Your instructions
Pictures stay out of the copy. Retype exactly, and only, the lines from the one containing "A man aims a" through the end of the listing below.

Provided material
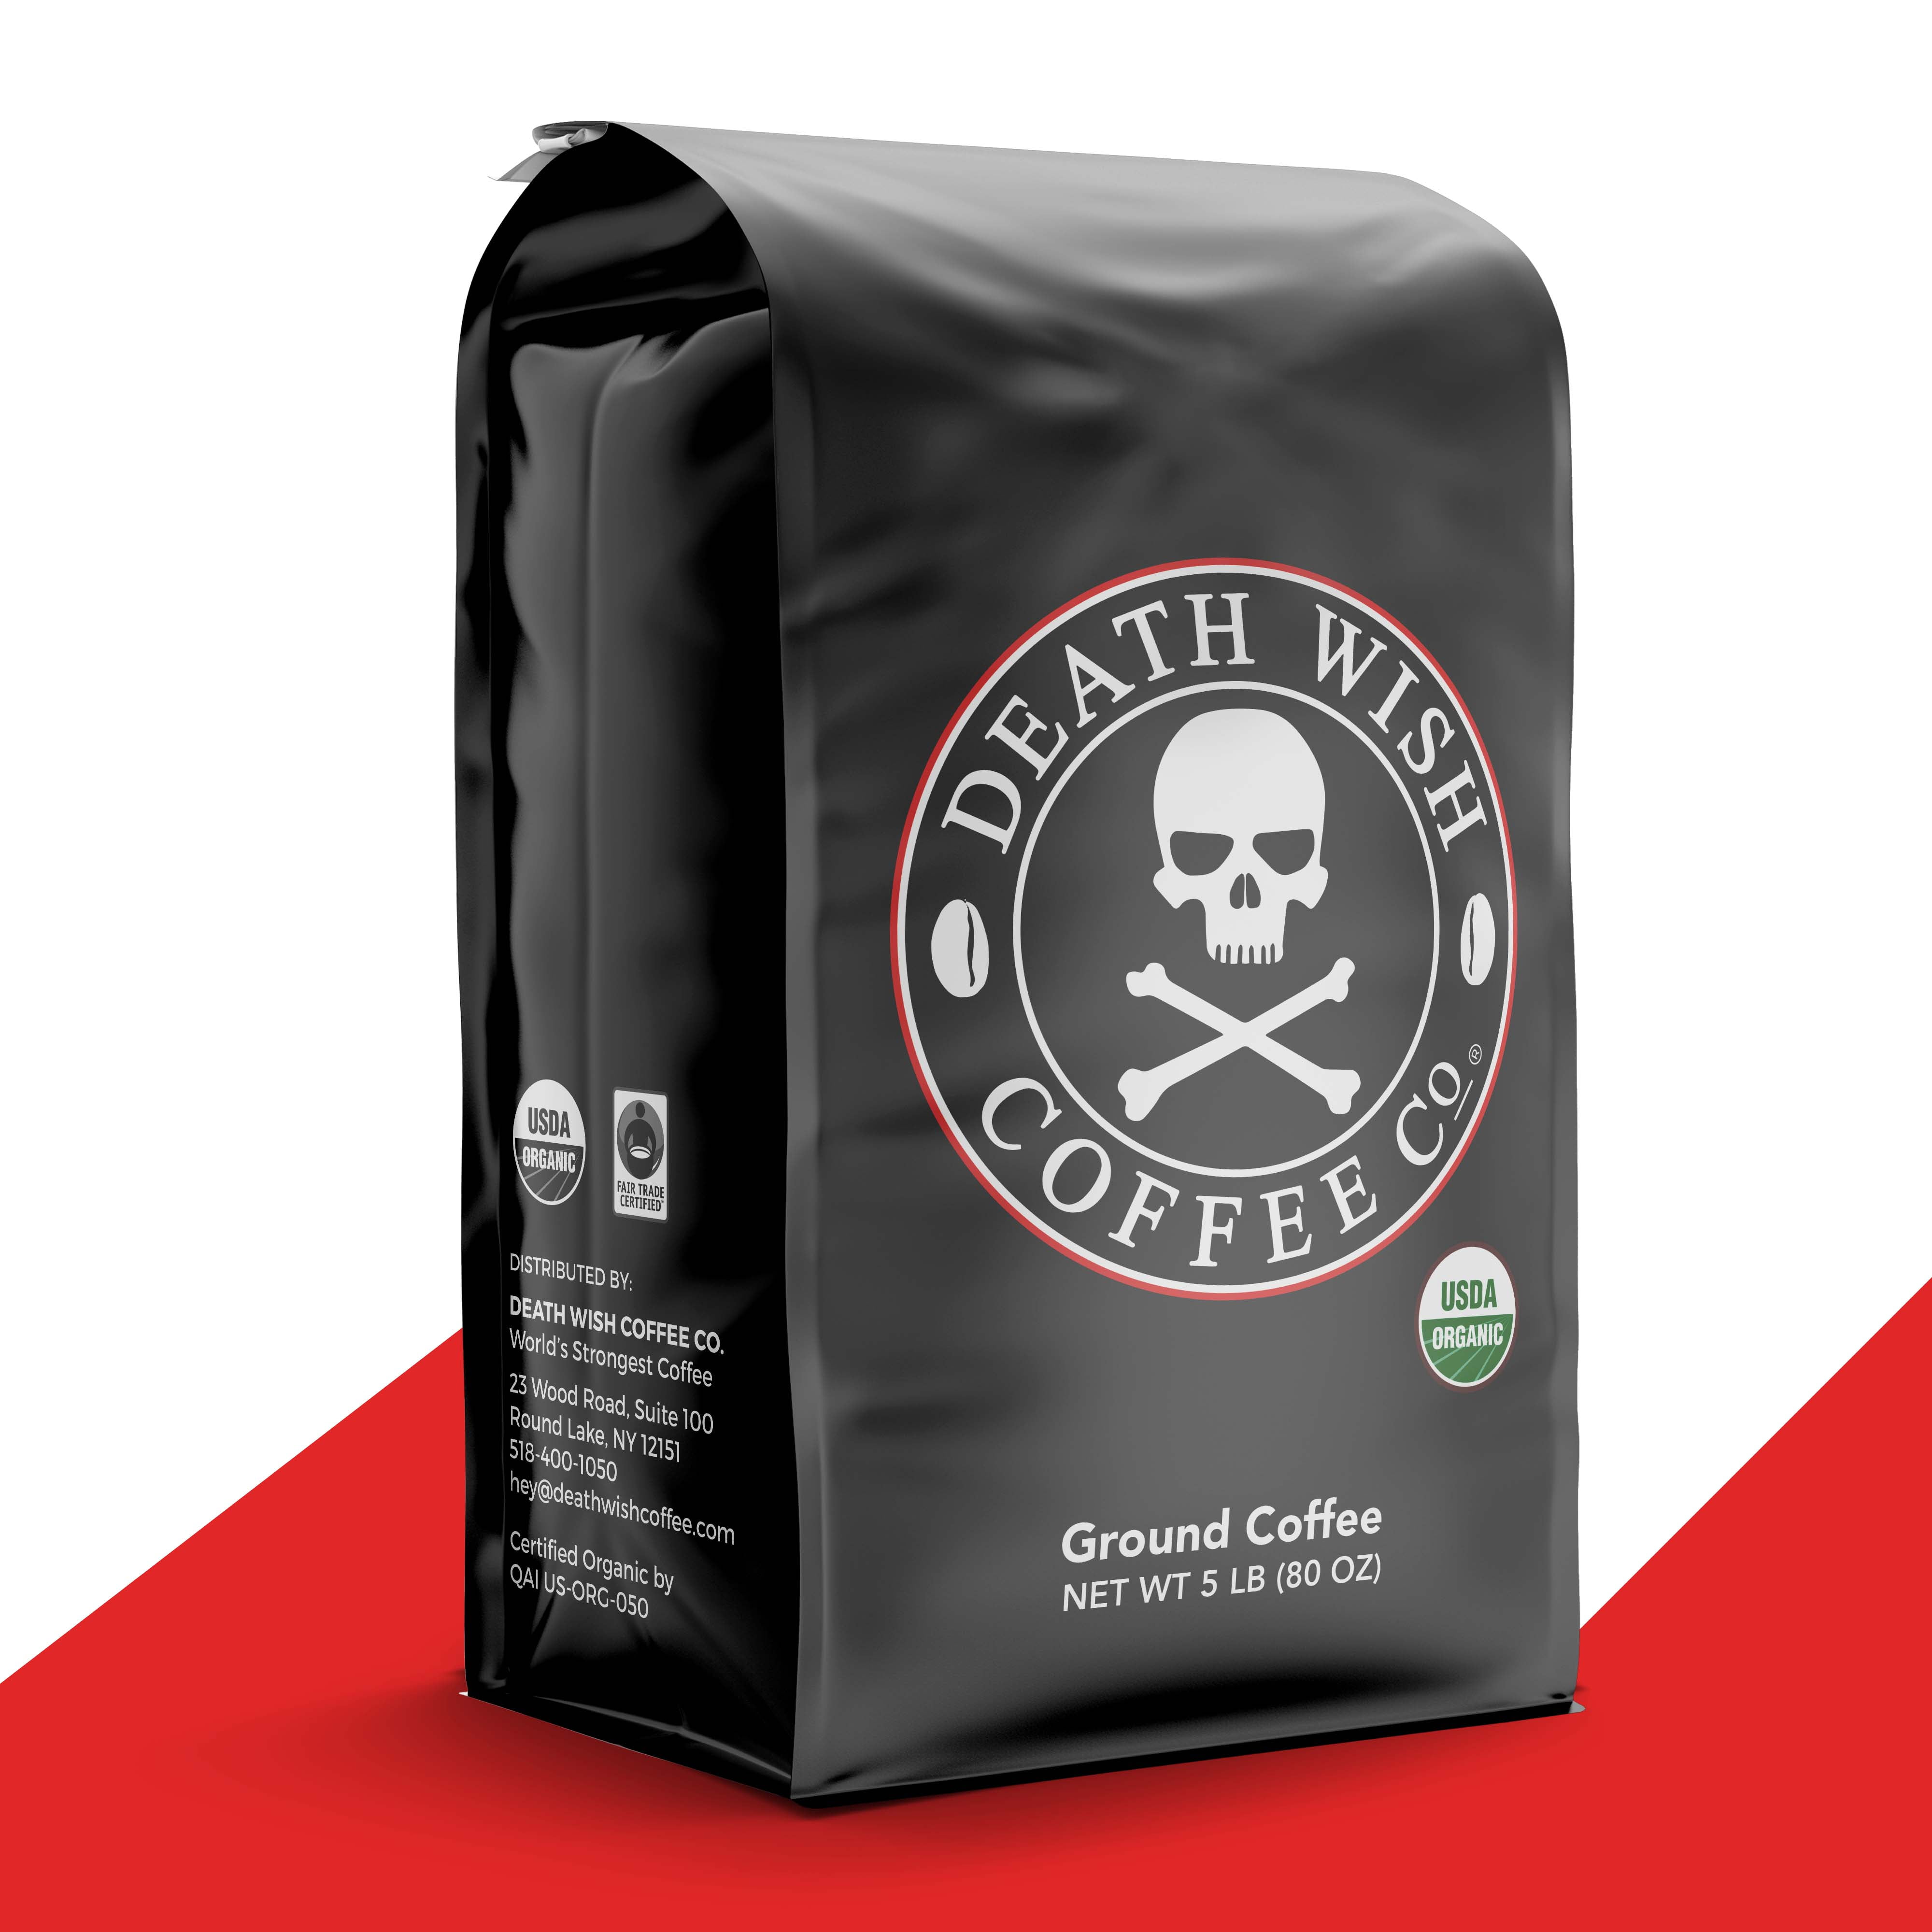 Death Wish Coffee. Кофе смерть. Basic Dark кофе. Death Wish кофе фото. Кофеен strong coffee
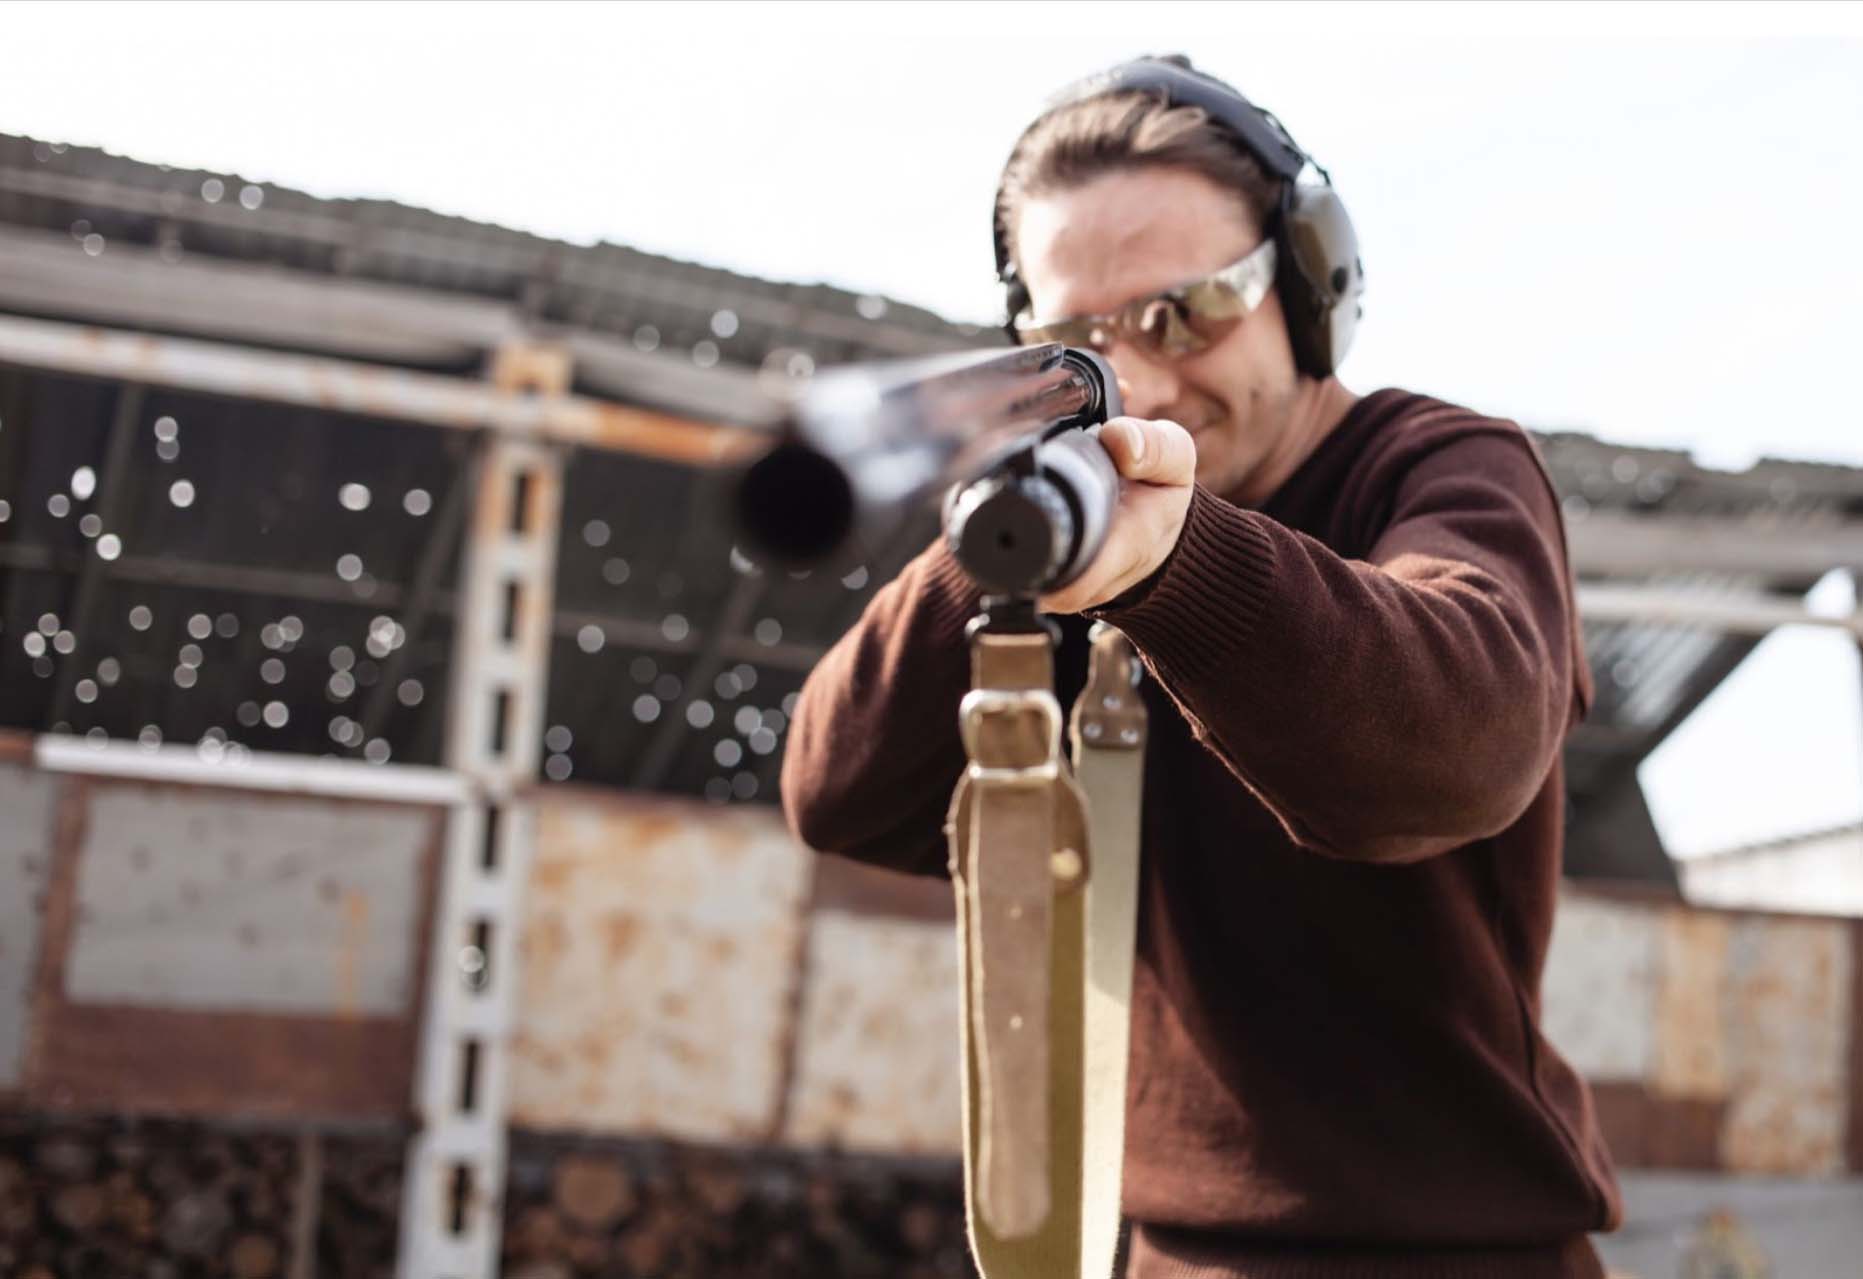 A man aims a shotgun at targets in a shooting range.
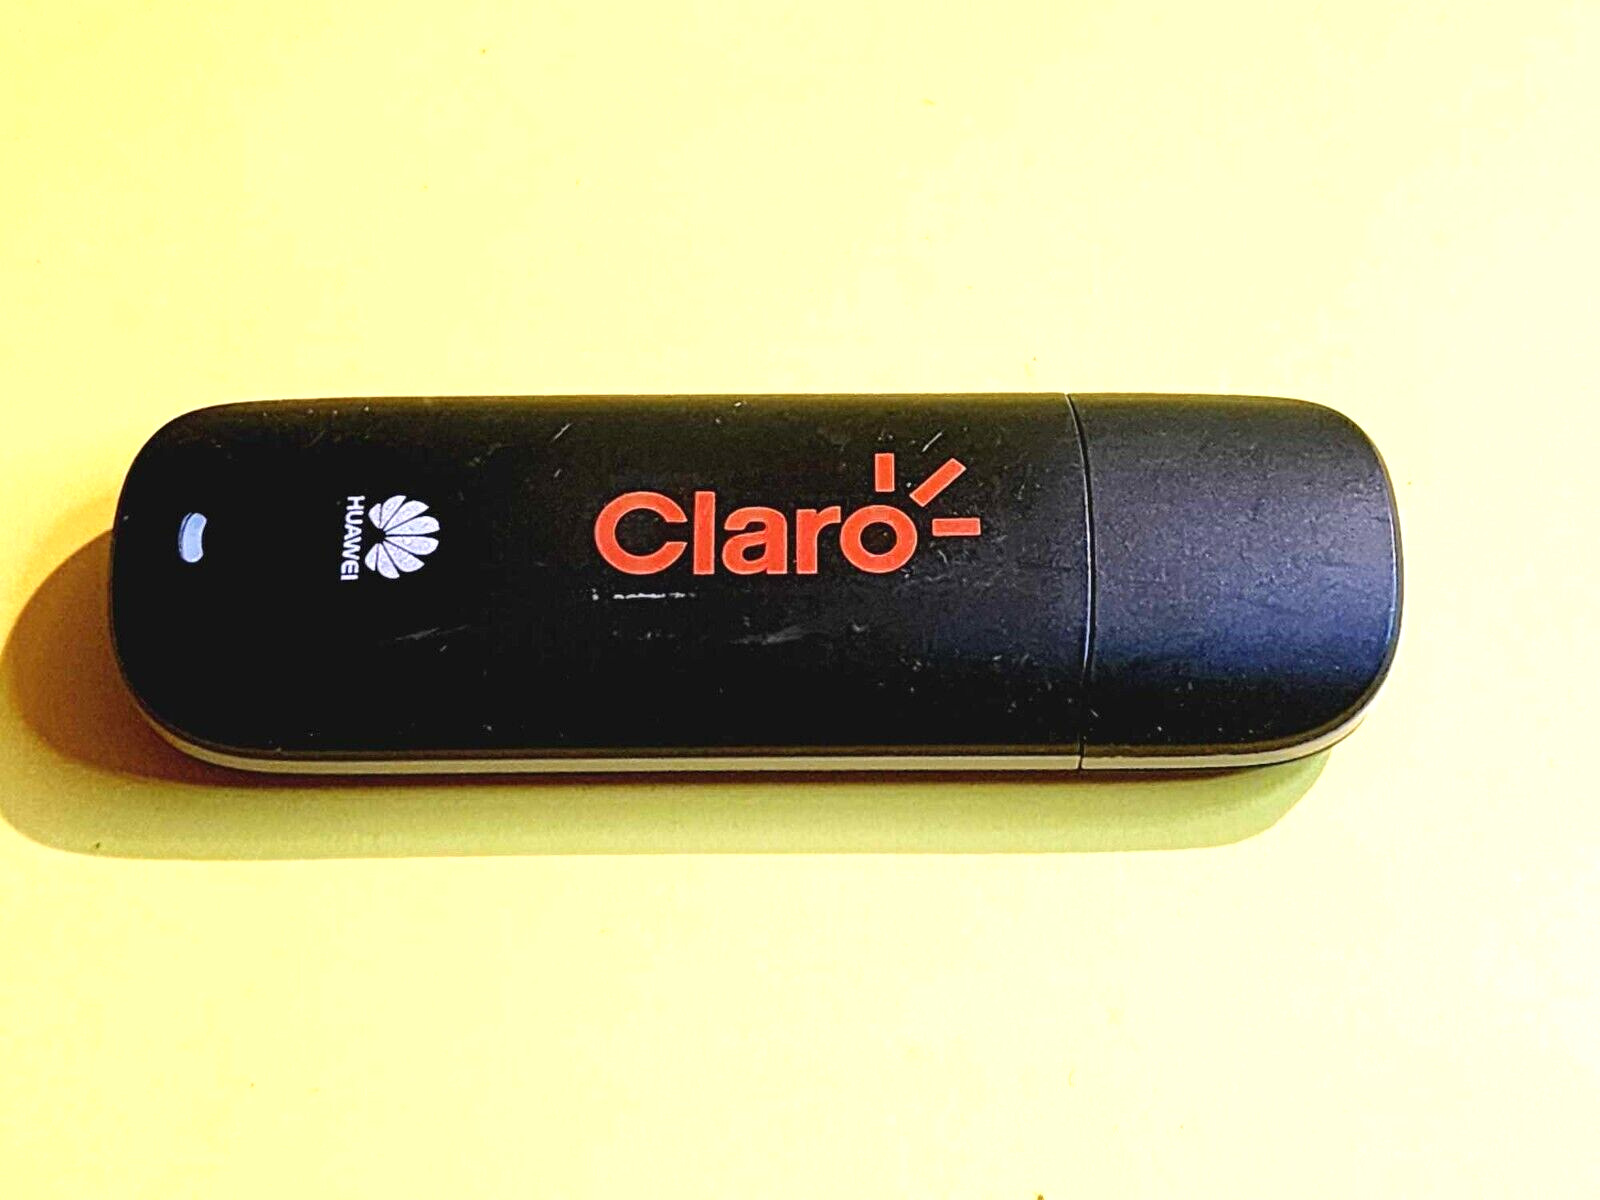 CLARO E713 E173u-1 HUAWEI MOBILE BROADBAND USB MODEM HSPA 3G STICK DONGLE BLACK

Exercise response
 A man aims a shotgun at targets in a shooting range.
 CLARO E713 E173u-1 HUAWEI MOBILE BROADBAND USB MODEM HSPA 3G STICK DONGLE BLACK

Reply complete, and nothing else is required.